• _PROVIDED MATERIAL_:
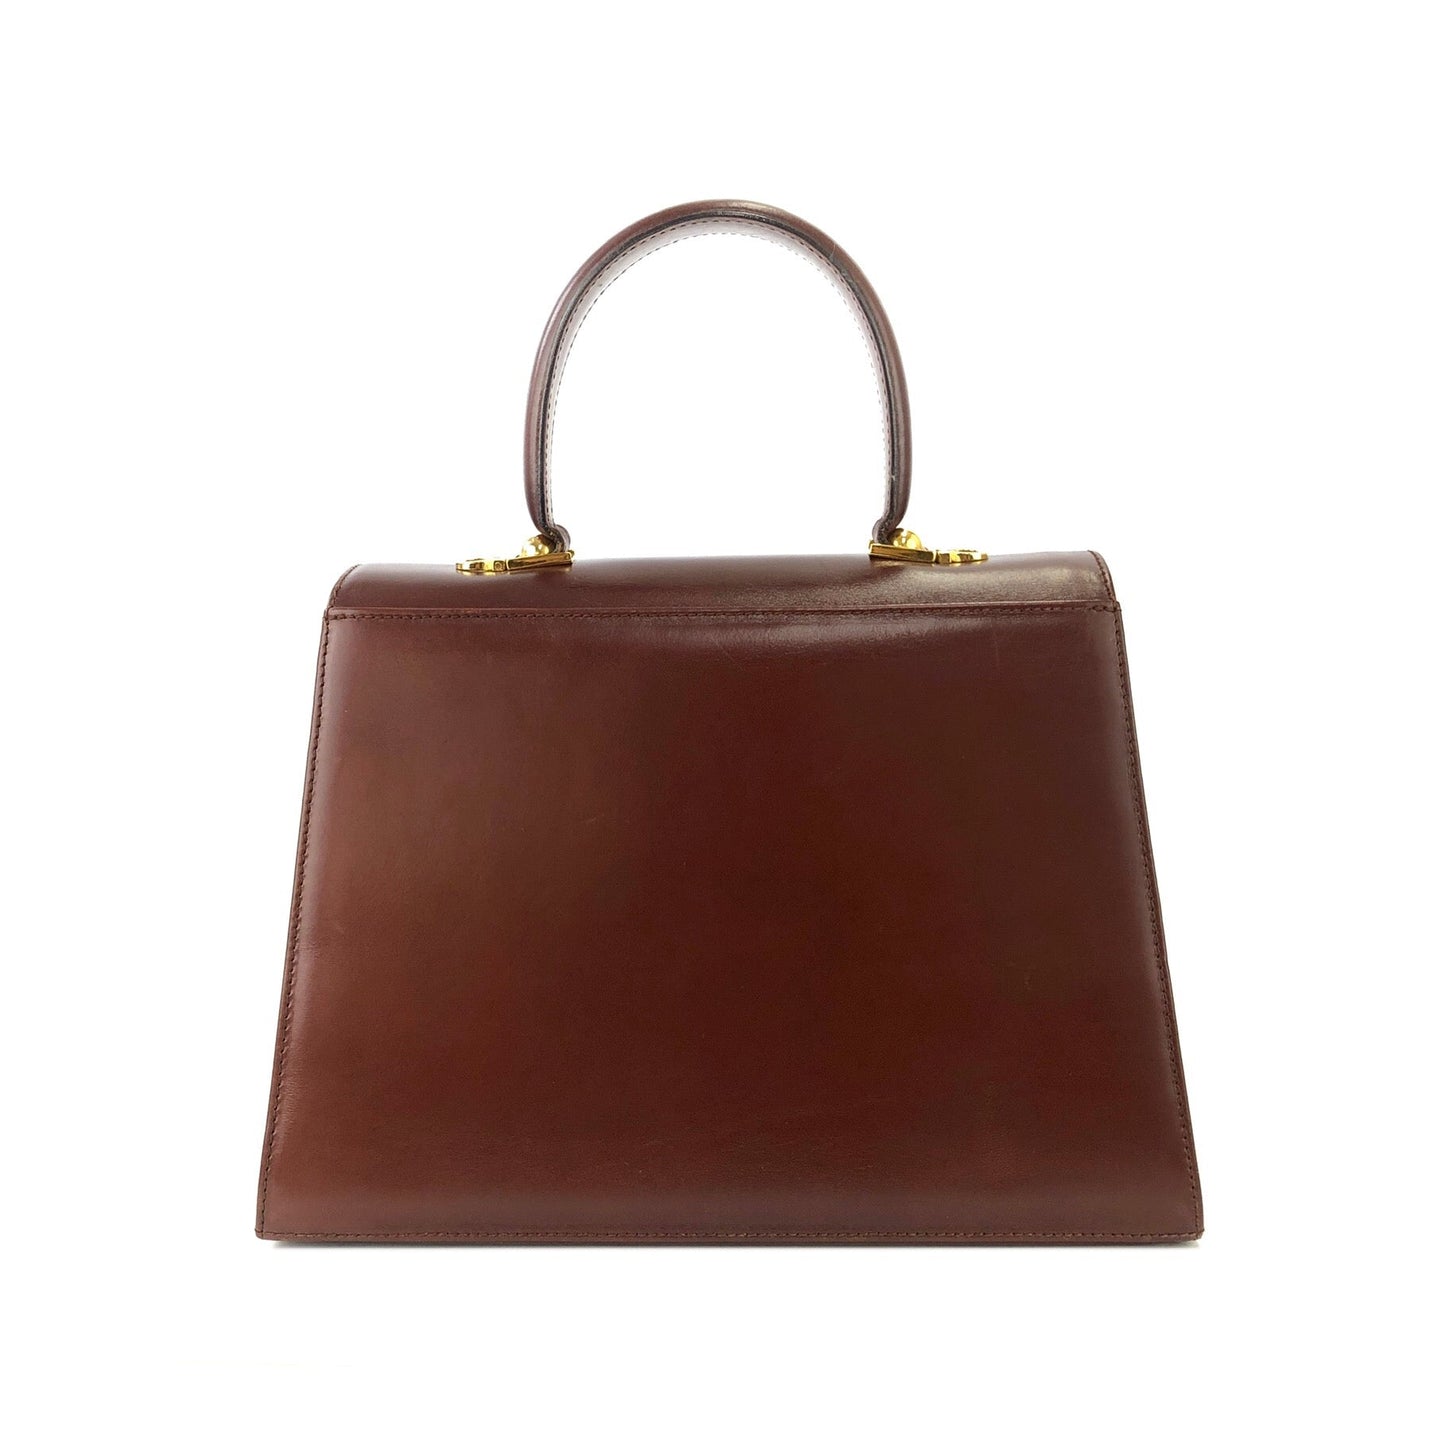 Salvatore Ferragamo Gancini Crossbody Shoulderbag Handbag Brown Vintage Old m4cw6p
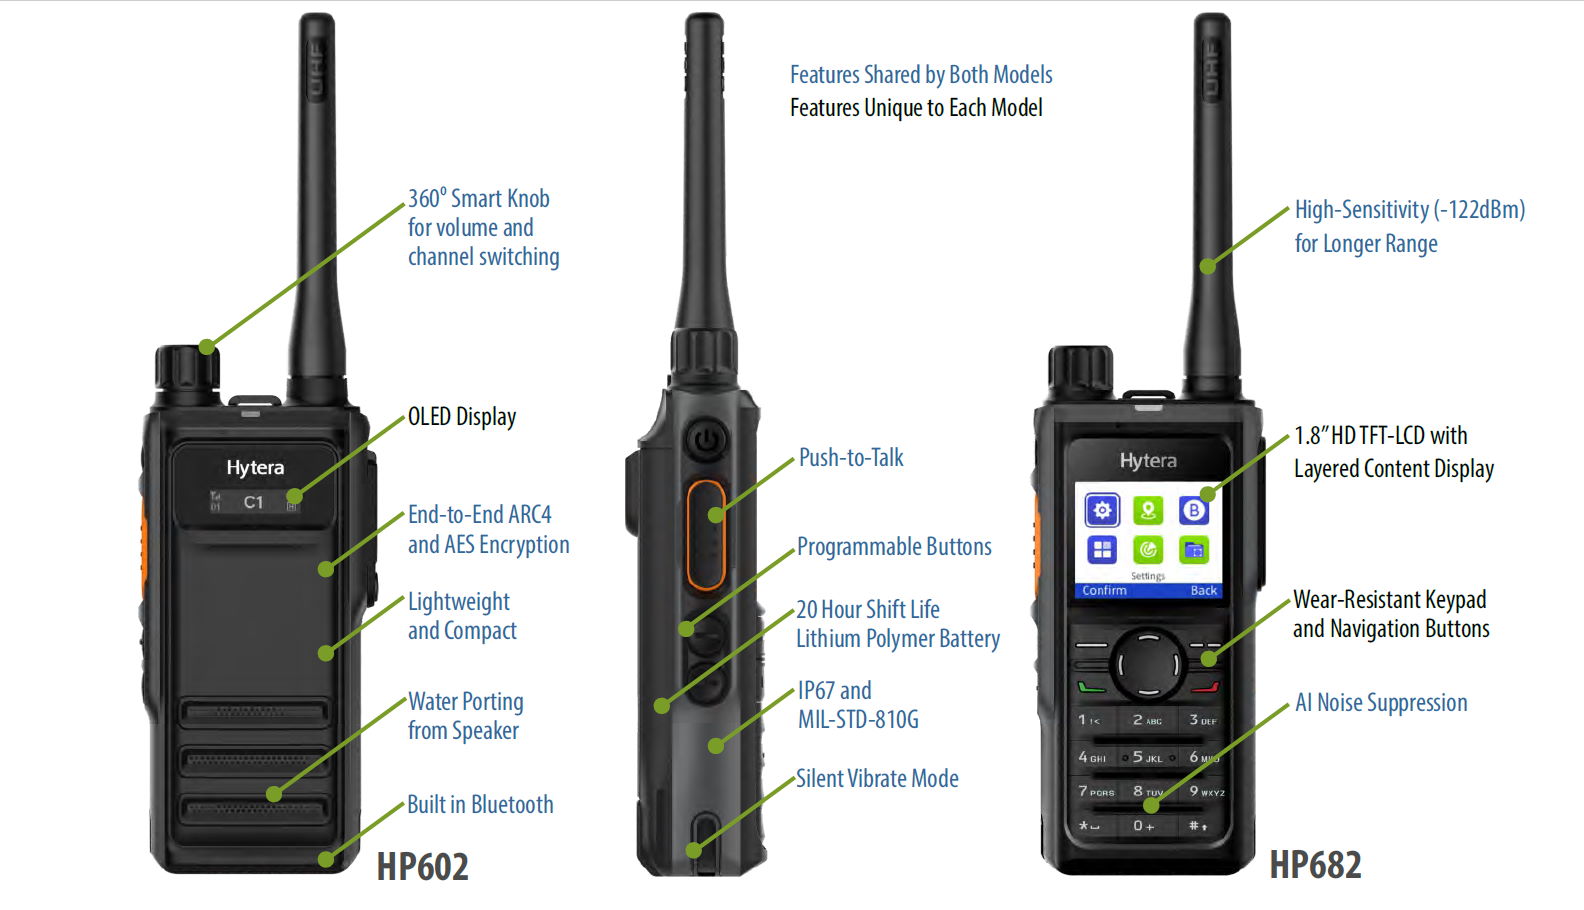 HP6 Series Digital Radios
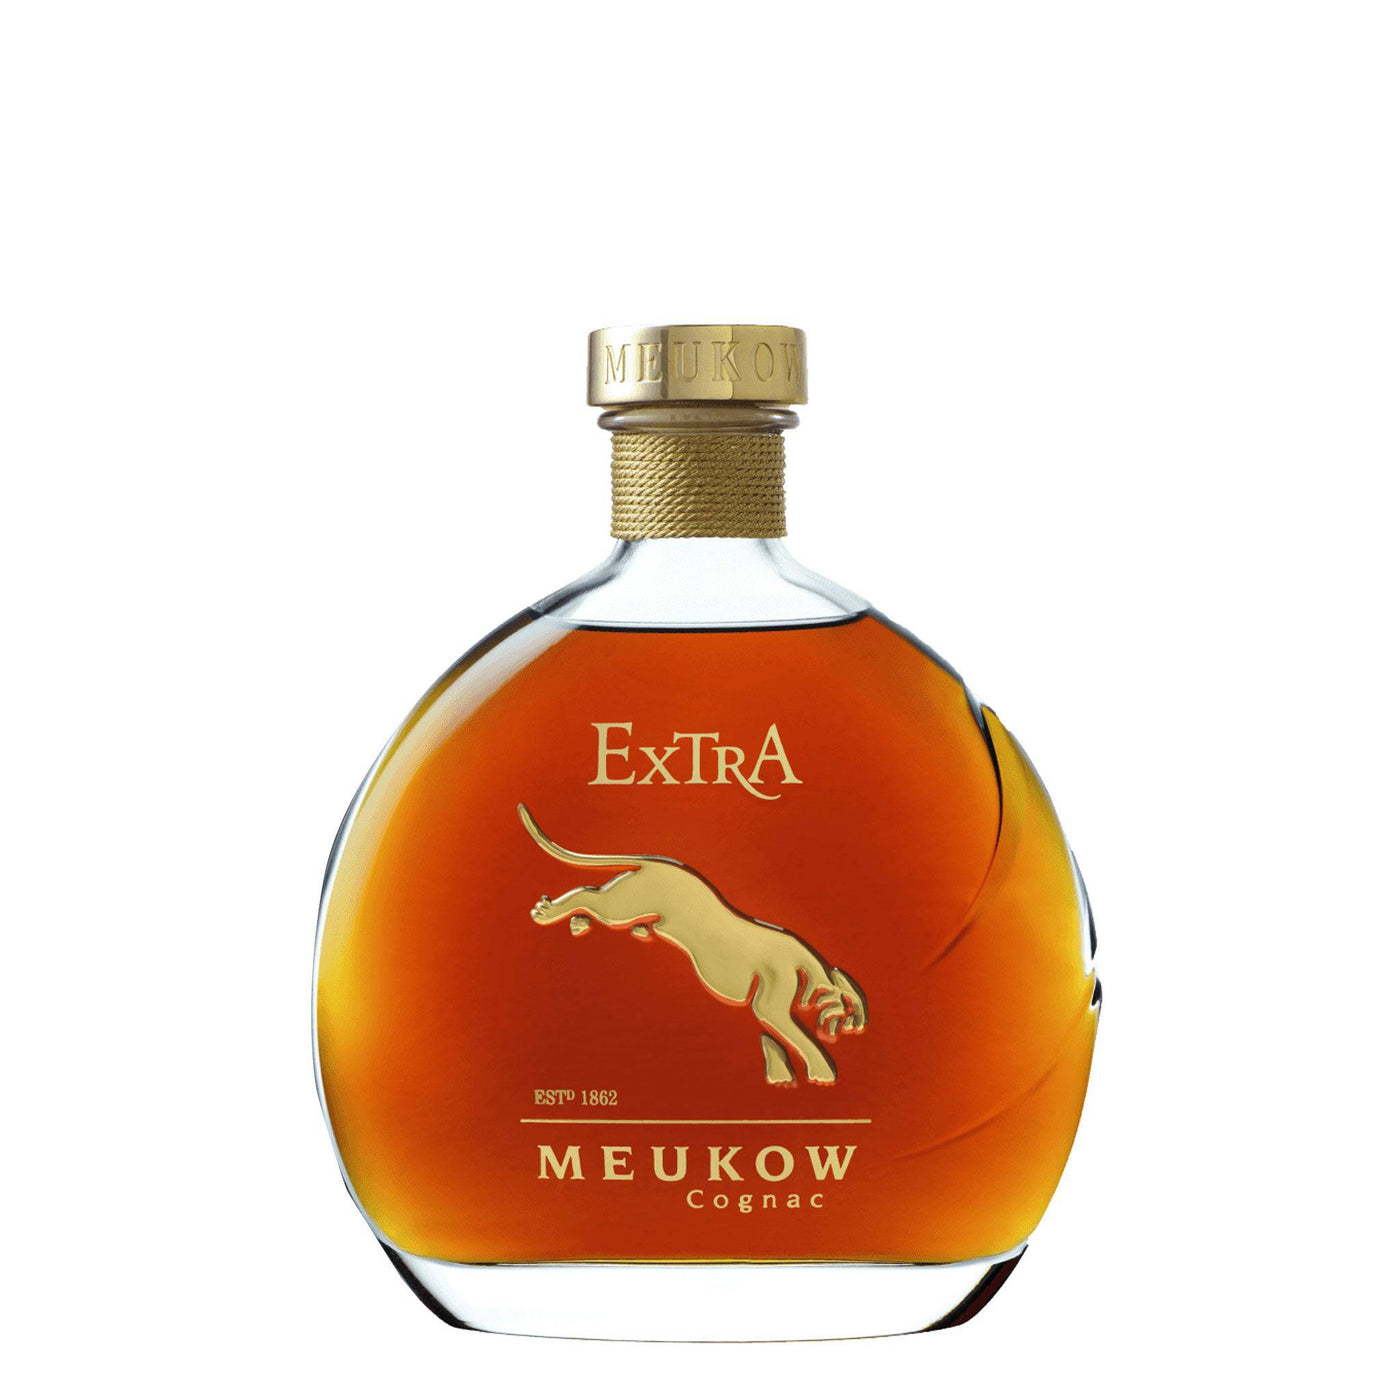 Meukow Extra Cognac - Spiritly

• _YOUR GOAL_: Transcribe exactly, and without any pictures, each line from the one that holds "HP6 Series Digital Radios" through the final line of the material above.

• _TASK ANSWER_:
 HP6 Series Digital Radios
 Meukow Extra Cognac - Spiritly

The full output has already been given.